We begin with Polanyi’s saying: ‘We know more than we can say’.  One of Polanyi’s examples is the way we recognize someone’s face.   We can perhaps describe the eyes, the nose, the shape of the mouth, whether the hair is covering the forehead and so on.   But to focus on these particulars means that we lose the face.  We recognize someone’s face by ‘indwelling’ the subsidiary particulars - in other words we allow ourselves to be tacitly aware of the shape of the eyes,  the frown on the forehead and so on, as we concentrate on their joint focal and integrated meaning  -  the face of the person.

The structure of tacit knowing is therefore this: we attend from subsidiary knowledge, such as the features of the face, of which we are tacitly aware, towards their joint meaning, namely the face itself.  All thought contains components of which we are subsidiarily aware as we focus on the meaning to which they point.  Tacit knowing, Polanyi maintains, has this from-to structure.
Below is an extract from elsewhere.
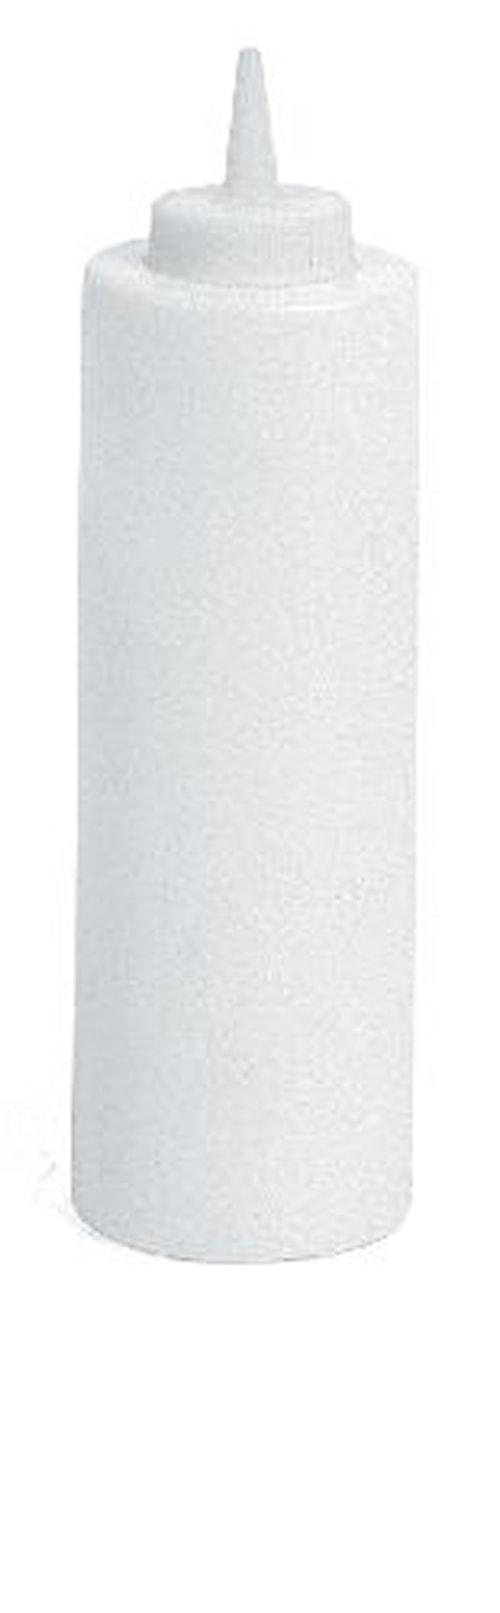 Dressingflaska 0,68 L

And this is what is going on when we make a discovery.  We attend from tacit awareness of subsidiary clues to focal awareness of their joint meaning.

Polanyi uses the word ‘indwelling’ to describe this process.   We indwell the subsidiary tacit awareness in order to concentrate on the focal awareness.  To put it another way - knowledge is not about detachment, but about engagement:  knowledge comes by participation.   For example, a blind man is probing the inside of a cave with his stick.    The stick explores the cracks and crevices in the wall and when this is going on, the other end of the stick is pressing on his hand.  If the man focuses on his hand, all he will feel is the pressure on the hand.   But if he allows himself to be subsidiarily aware of the feelings in his hand, he can focus on the other end of the stick, and he will then understand something of the structure of the cave.   He ‘indwells’ the stick; he is subsidiarily aware in a tacit way of the pressures on his hand; he is focally aware of the walls of the cave.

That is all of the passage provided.